Это не первый раз, когда я так замираю, у этого проклятого портрета, не первый и не последний, но убрать его я не могу. Вот такая вот шиза, и к сожалению, я это сама понимаю.
- Прости, пошли кушать? – улыбаюсь ей через силу.
Качает головой:
- Я уже покушала!
Сглотнула и взглянула на часы, сколько же я тут стояла. Около получаса получается.
- А посуду помыла?
- Ага ,– кивает, глядя на меня совсем не детским взглядом.
- Ну, тогда пошли мыться, птенчикам спать пора.
- А сказку? – снова передо мной маленькая девочка, с доверием смотрящая на меня и ждущую сказку о герое папе, поехавшем спасать мир.
Чего мне стоит эта сказка, знаю только я, но лучше так, чем совсем без папы.
- Конечно!
Через час, уложив дочь, снова вернувшись в ту комнату, я всмотрелась в такие любимые черты лица.
Она наполняет мою жизнь стимулами, но ночью, когда Женя спит, я медленно схожу с ума от любви к умершему, и пустоты в душе. Сижу напротив него в кресле и смотрю на его лицо, пока не проваливаюсь в тяжелый сон из которого вырываюсь с криком в холодном поту.
Сегодняшняя ночь не исключение. Мягкое кресло, приглушенный ночник, боль, как и всегда, сковывает сердце, только во мне почему-то поднимается что-то еще. И это что-то иначе как гнев не назовешь:
- Как ты мог? Ты же обещал мне вернуться? – крик души, вырвавшийся еле слышным шепотом и тут же будто в ответ звонок дверь.
Бегу к двери, боясь, что позвонят снова и разбудят дочку.
- Кто?
- Ангелина, открой, это я.
До боли знакомый голос, прислоняюсь к стене, и по лицу текут слезы отчаянья. Это уже было. Неужели опять сплю? Каждый раз стоит открыть дверь, а там никого, только кровь… много крови и огонь, заставляющий меня просыпаться с криком.
- Кто это? – слова срываются сами.
- Ангел, это я, Женя, открой мне.
Сглатываю, смотрю в глазок. До боли знакомые черты. Руки не слушаются. Замок поддается с третьего раза.
Распахиваю дверь и смотрю на него.
- Ангел?
- Живой? – это все, что я могу сказать и спросить. – Это сон, да?

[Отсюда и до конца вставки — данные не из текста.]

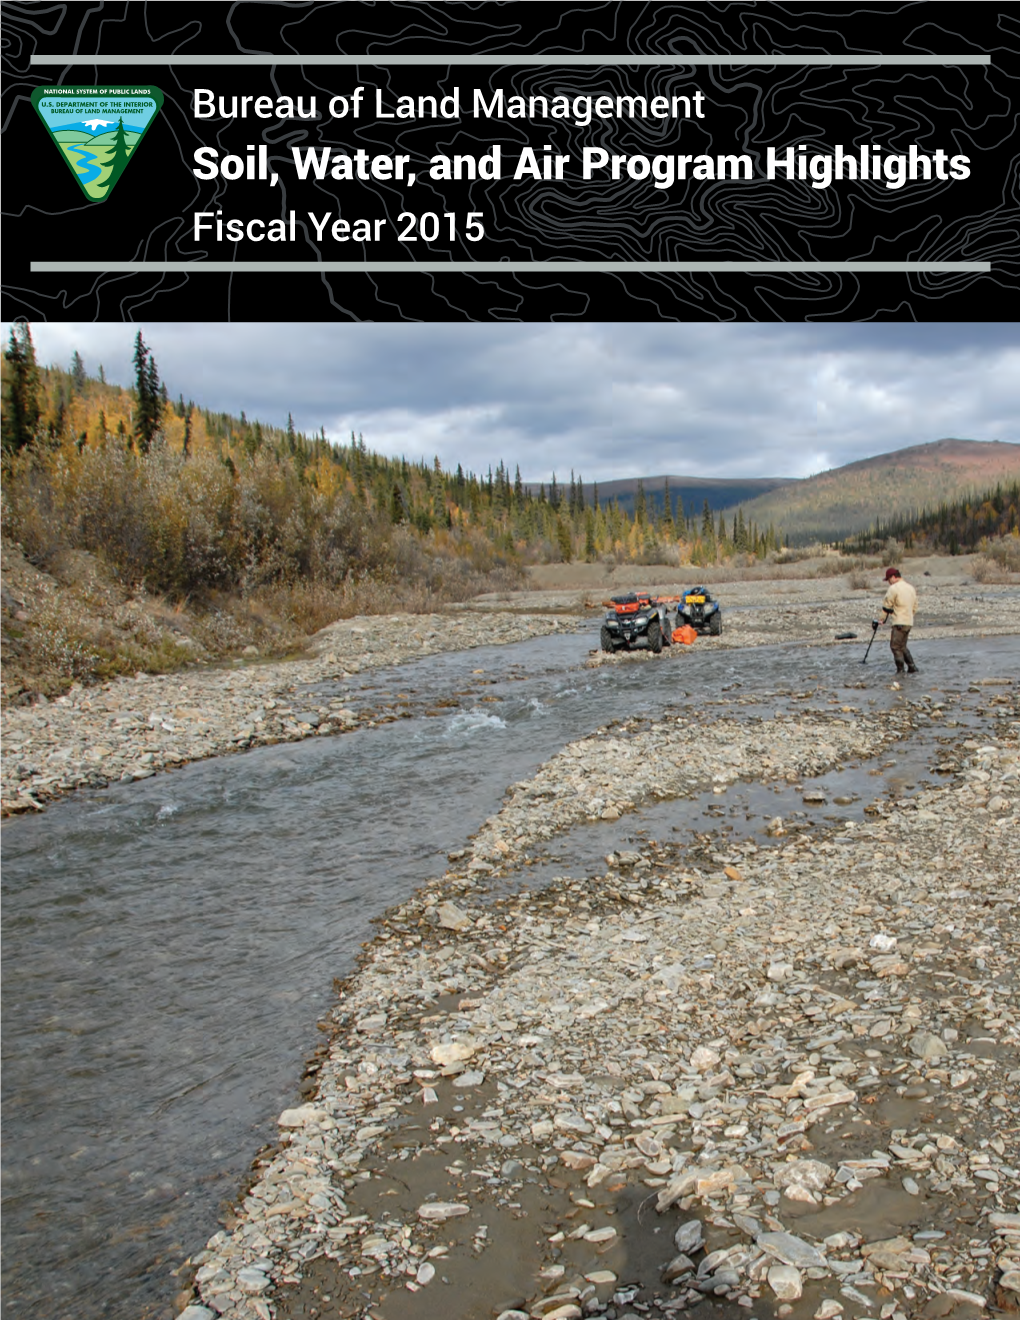 Bureau of Land Management Soil, Water, and Air Program Highlights Fiscal Year 2015 Alaska’S Mosquito Fork Wild and Scenic River and Fireweed on a Nearby Hillside

- Нет, ангел, я тут, – прижимает меня к себе и я льну к нему рыдая, затем начинаю целовать, втягивая в себя такой знакомый и в то же время так сильно изменившийся запах.
- Никогда… Никогда больше…
- Не уйду, люблю, и безумно скучал…
Слова льются из нас рекой, мы не можем разомкнуть объятий, но это просто необходимо и минут через десять я, с трудом убрав свои руки, отправляю его в ванную, сама же бегу сначала за сменной одеждой в спальню, а потом в кухню, готовить ему его любимое мясо (ведь он так похудел, что страшно становится), молясь при этом чтобы это был не сон.
Намного позже, когда он поел, и я поставила перед ним кружку чая, он попросил рассказать наши новости и сказал, что надо позвонить маме. Вот тут по моей щеке скатилась слеза.
Вздрогнул, потребовал рассказать, почему я плачу. Рассказала, запинаясь, то и дела смахивая слезы и не зная как помочь любимому пережить то, с чем я живу уже с год, я поведала ему все, что было, начиная с его отъезда.
Он слушал молча, и только скупая мужская слеза потекла в знак того, что ему плохо. Подошла, обняла и стала шептать слова утешения.
- Ты действительно ангел, – прервал он меня, целуя мои руки – После всего, что на тебя свалилось, это я должен был утешать тебя, а не ты меня. Прости меня за все, прости, что бросил одну, да еще и в такой момент. Я же видел, что тебя тошнит по утрам… но не подумал. Прости… У нас еще будут дети, я тебе обещаю. Ты родишь мне сына, и ни один прогноз этих врачей не подтвердится. Ты меня поняла?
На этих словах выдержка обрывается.